Gemeinsam mit Schwester Gracy und der Mary Help Association setzt Caritas international für die Menschen im Umland von Wau ein Projekt zur Ernährungssicherung um, das von PHINEO finanziert wird. Bis die nächste Ernte eingefahren werden kann, werden die Menschen mit Sorghum, Bohnen und Speiseöl versorgt. Parallel dazu bekommen sie landwirtschaftliche Schulungen, die auf Trainingsfeldern stattfinden. Ausgestattet mit Saatgut, schnell wachsenden Setzlingen, Spaten, Hacken und Schubkarren setzen sie das Erlernte praktisch um. Der Ansatz funktioniert: Die Erdnussernte war dieses Jahr so gut, dass die Bevölkerung den Überschuss verkaufen kann und dadurch ein Einkommen hat.
Das Projekt zeigt noch weitere positive Wirkungen: Die Bepflanzung gerodeter Flächen beugt der Erosion vor und mildert die Auswirkungen des Klimawandels. Und auch die Frauen profitieren von ihrer Arbeit auf den Feldern. Durch die Ernteerfolge ist ihr gesellschaftliches Ansehen massiv gestiegen.

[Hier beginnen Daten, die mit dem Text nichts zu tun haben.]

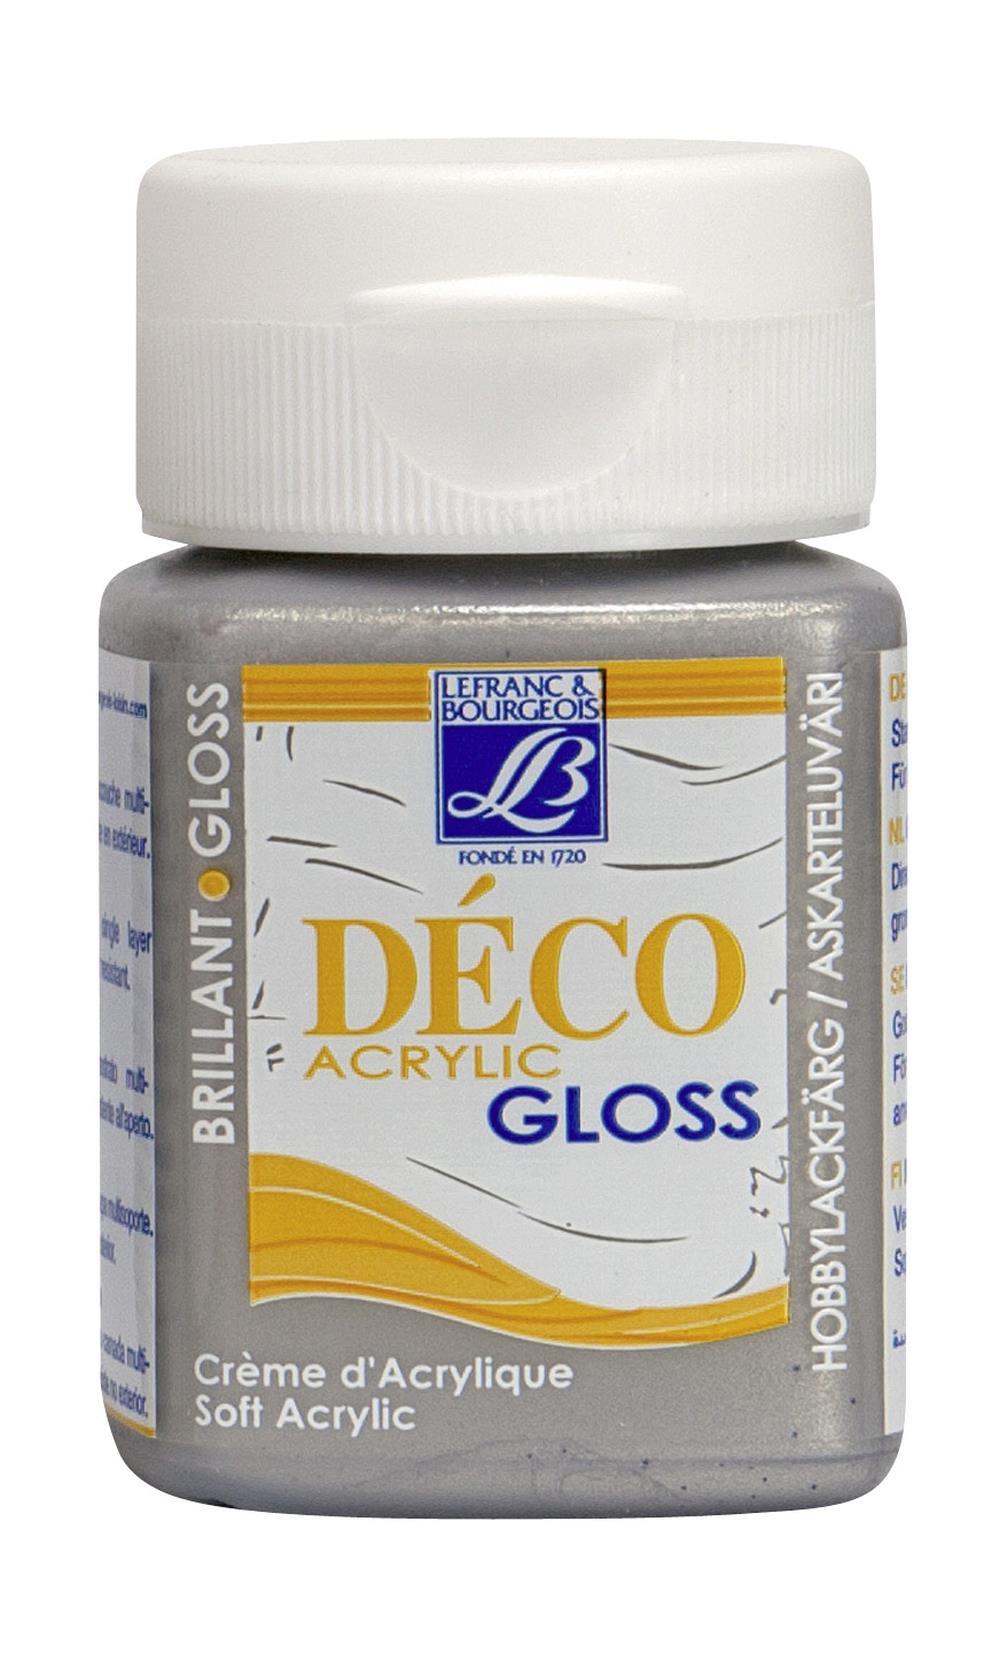 Hobbyfärg L&B Deco Gloss Akryl 50ml Silver 710 (4F) Utgår
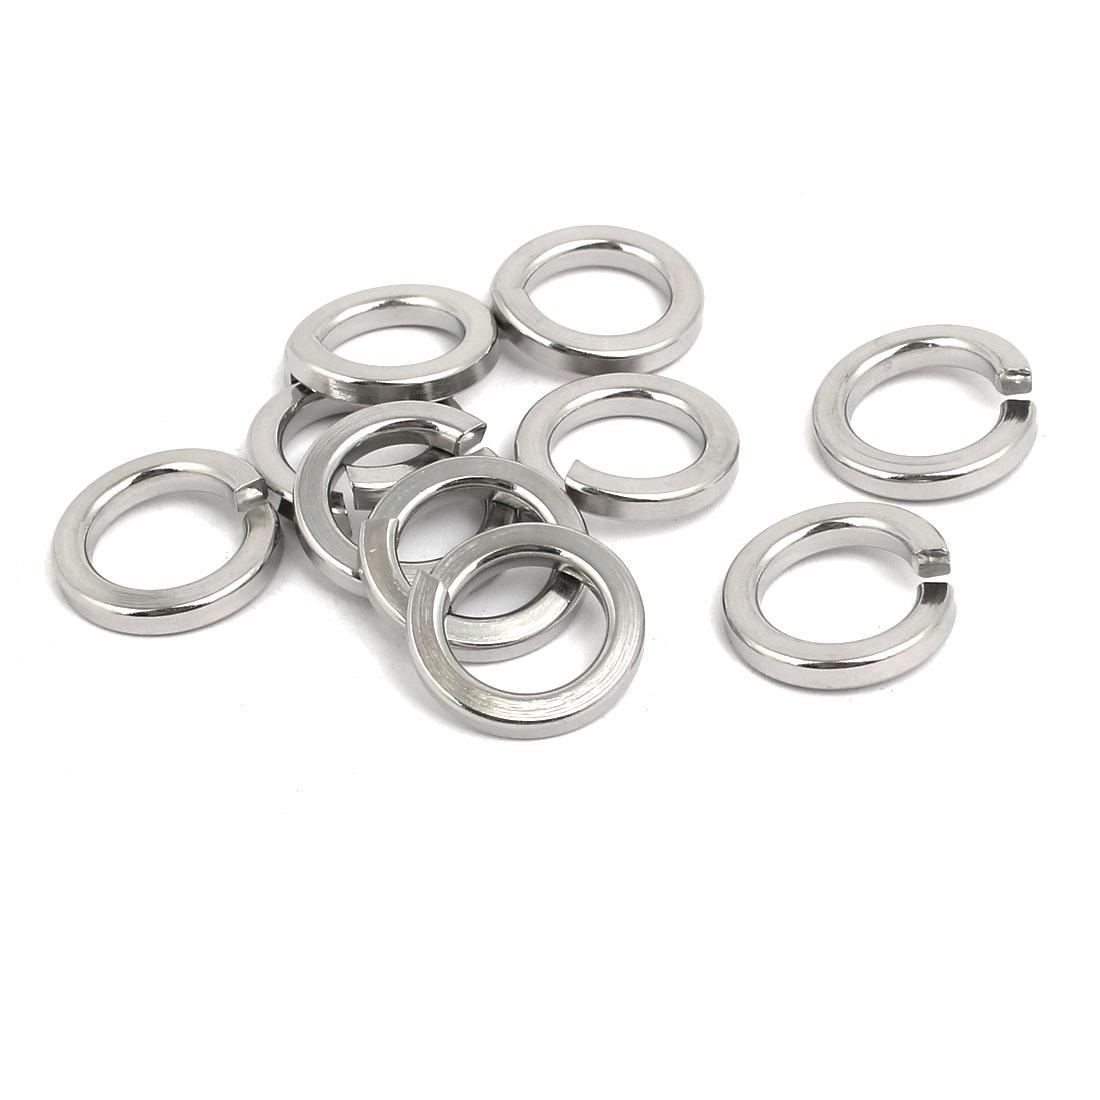 M12 304 Stainless Steel Split Lock Washer Silver Tone 10pcs

Die indisch-salesianischen Ordensschwestern der Mary Help Association betreiben außerdem ein Krankenhaus, in das Menschen meilenweit aus dem Umland zu Fuß kommen. Mit 64 Betten und einer Kapazität von täglich 500 ambulanten Patienten ist es eines der wenigen funktionierenden Gesundheitszentren der Region.
Zur Situation
2011 erklärte der Südsudan seine Unabhängigkeit vom Sudan. Im Dezember 2013 kam es zu Auseinandersetzungen zwischen den Anhängern des südsudanischen Präsidenten Salva Kiir Mayardit und des entlassenen Vizepräsidenten Riek Machar. Seitdem herrschte im Land Krieg, der hunderttausende Menschenleben forderte und Millionen in die Flucht zwang: rund 1,6 Südsudanes*innen leben noch immer als Flüchtlinge im eigenen Land (Binnenvertriebene). Das im September 2018 ausgehandeltes Friedensabkommen wurde im Februar 2020 schließlich beschlossen. Doch immer wieder aufflammende Kampfhandlungen und Übergriffe sowie die existentielle Not der Menschen zeigen: Die humanitäre Krise ist noch lange nicht vorbei.